Scott Galloway is a marketing professor at New York University’s Stern School of Business, and a writer and podcast host. His new streaming show No Mercy, No Malice is now airing on CNN+. The opinions expressed in this commentary are his own.
Remember when Adam Neumann, the CEO of WeWork, pronounced that his startup was going to “elevate the world’s consciousness” versus what the company really did, which was renting desks? There’s a term for that: “Yogababble.”
Yogababble is an attempt to smear Vaseline over the lens of truth, and often used by entrepreneurs to make their company, brand or products appear more compelling than they actually are. It enables founders to fog over the difference between truth and illusion and has become a viable formula for cheap capital — using visionary language to tickle our tribal senses and distract the public from the cold truth of numbers.
Case in point? Elon Musk. In April of 2019, Musk said Tesla would have more than 1 million robotaxis capable of driving themselves in 2020. The number of these cars on the road in early 2022? You guessed it: zero. (Tesla has rolled out a suite of driver-assist features, but the cars aren’t fully autonomous yet. It hopes the features will eventually enable the cars to drive themselves.)
Yogababble statements aren’t just the errant missives of CEOs with God syndrome — it’s often codified into a company’s culture. At best, a company’s mission statement describes the purpose and value of its product in a clear, concise manner. However increasingly, these statements massively exaggerate the cosmic relevance of a firm, obscuring its actual product and means of generating revenue.
Here’s another example: Peloton says it sells happiness — no, it sells exercise equipment. However, selling happiness is sexier, attracting cheap capital and a cult-like fascination with the brand that led to a valuation of $50 billion.
Today, the market capitalization is roughly $9 billion and likely would fall further if not for recent speculation the firm may be acquired, looking for the attention of influential wealthy people, whether they’re happy or not.
Let’s be clear, “entrepreneur” is a synonym for “salesperson,” and “salesperson” is the pedestrian term for “storyteller.” We entrepreneurs are all impostors who must deploy a fiction or story that captures imaginations and capital to pull the future forward and turn rhyme into reason.
No business I have started, at the moment of inception, made any sense — until it did. (Or didn’t.) This is not the same as lying.
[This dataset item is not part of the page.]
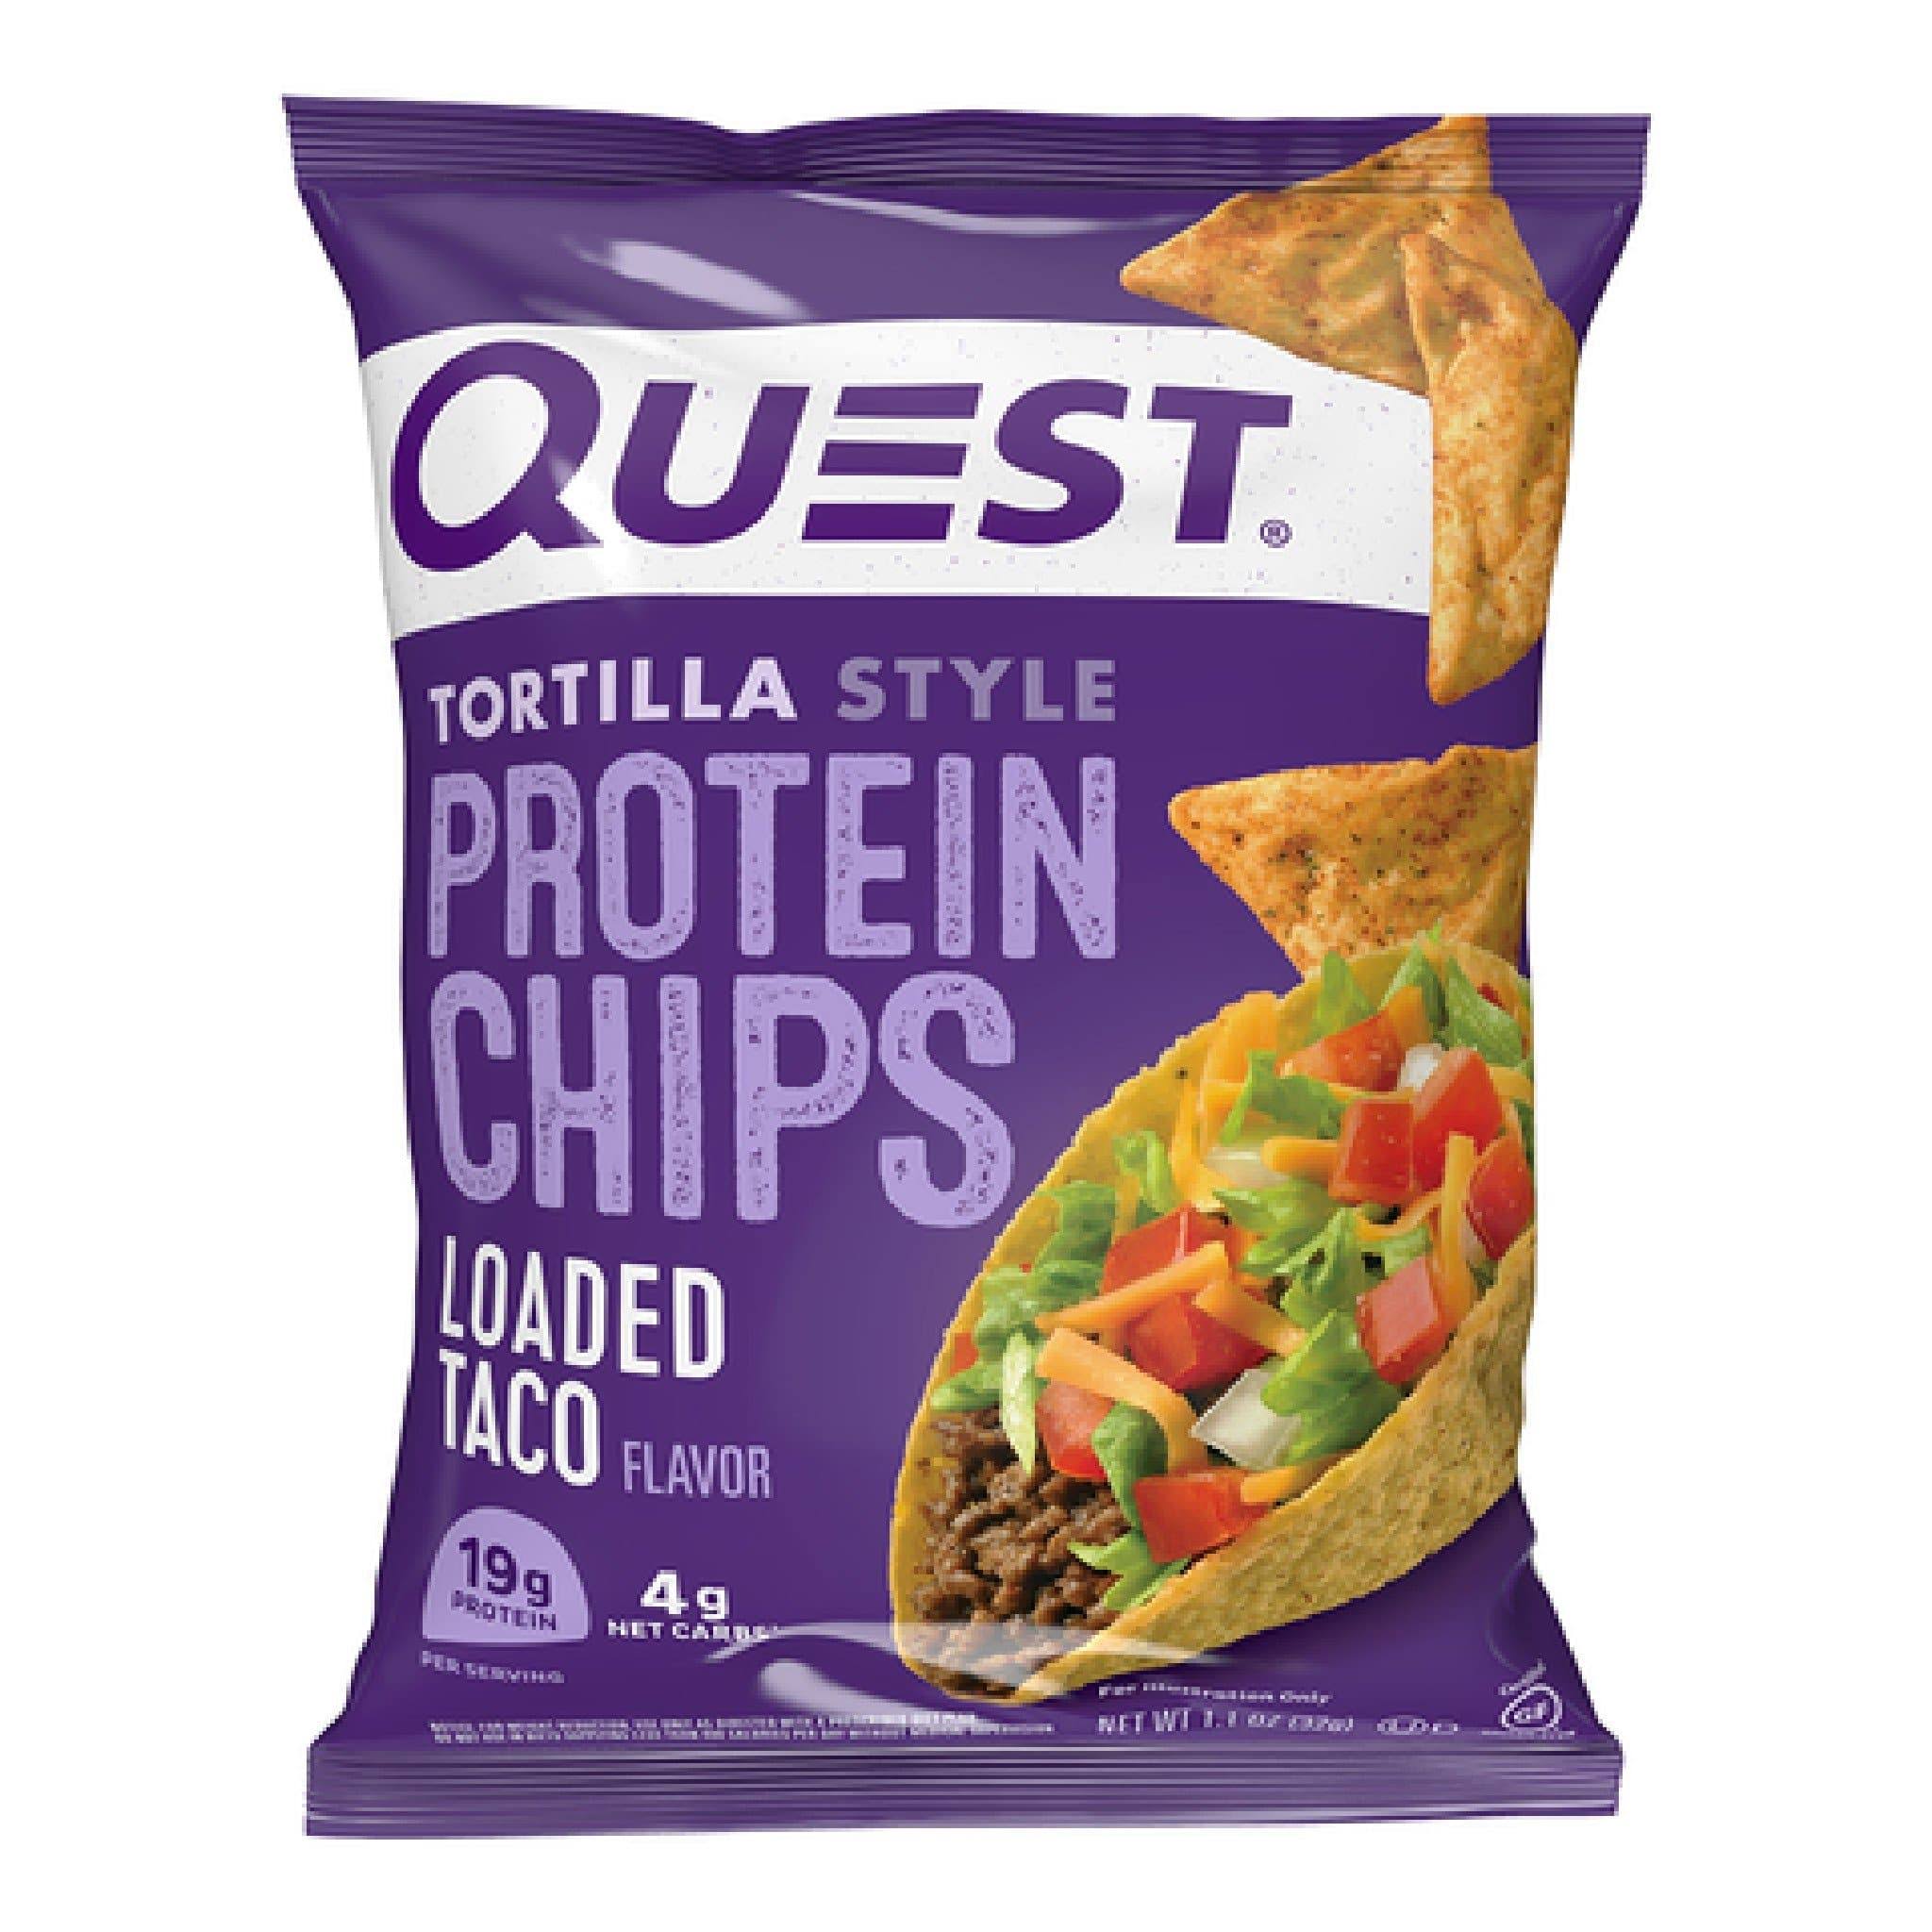 Quest Tortilla Protein Chips - Loaded Taco
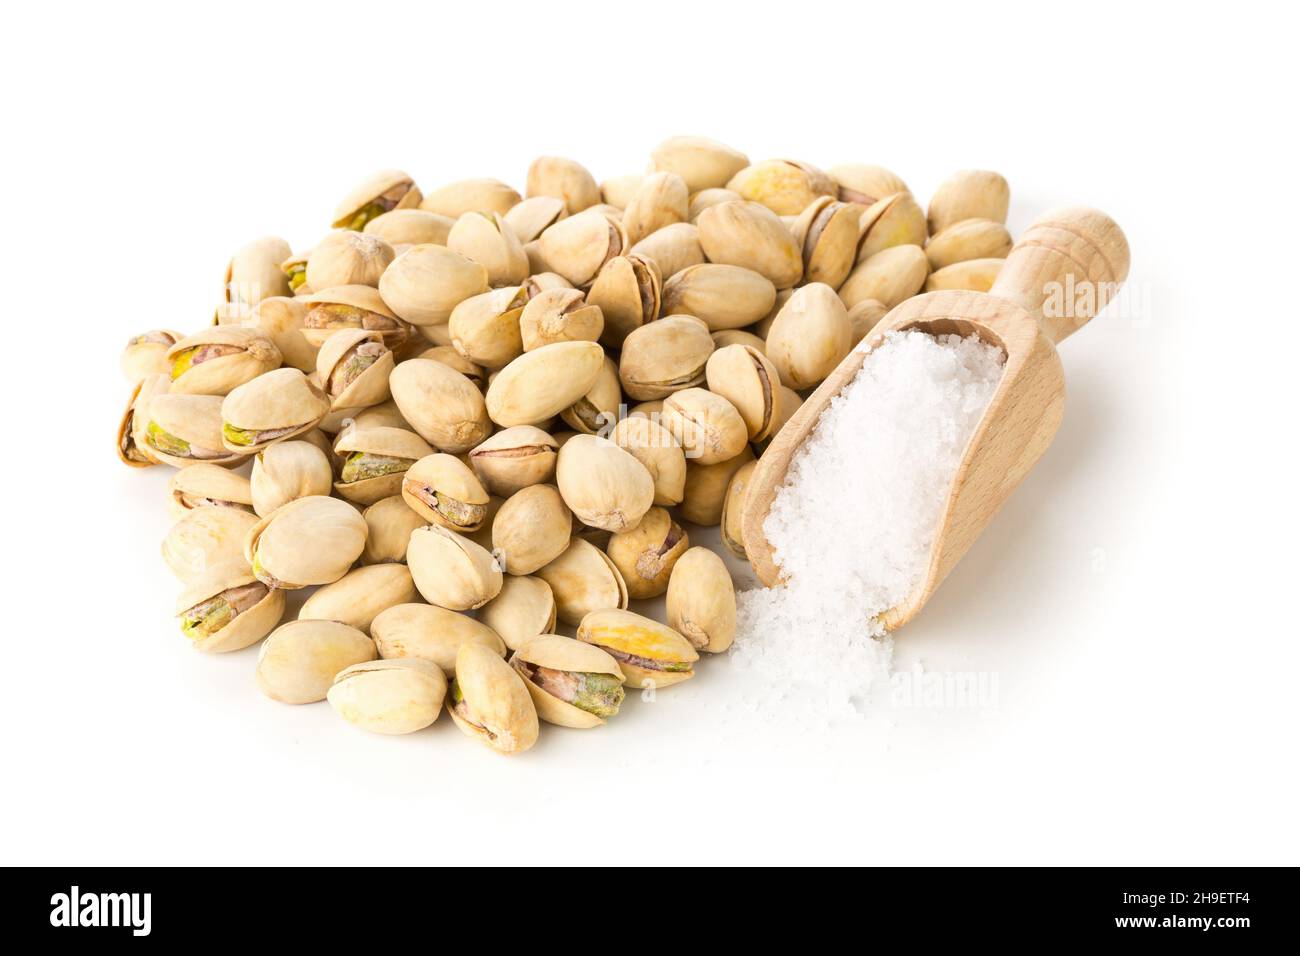 Heap of salted, roasted green pistachio nuts snack over white background with sea salt in wooden scoop, healthy food snack, selective focus Stock Photo

There’s a real distinction between an entrepreneur and a liar: Entrepreneurs believe their story will come true, while fraudsters know they are lying and plan to hit the exit before the reality is revealed.
Said differently, Elizabeth Holmes might have been one funding round away from being at Davos versus in a jail cell. The line is thin. Holmes lied and raised $945 million from investors and is headed to prison. Neumann exaggerated, raised billions from investors and was forced out of the company, but he walked away with millions of dollars.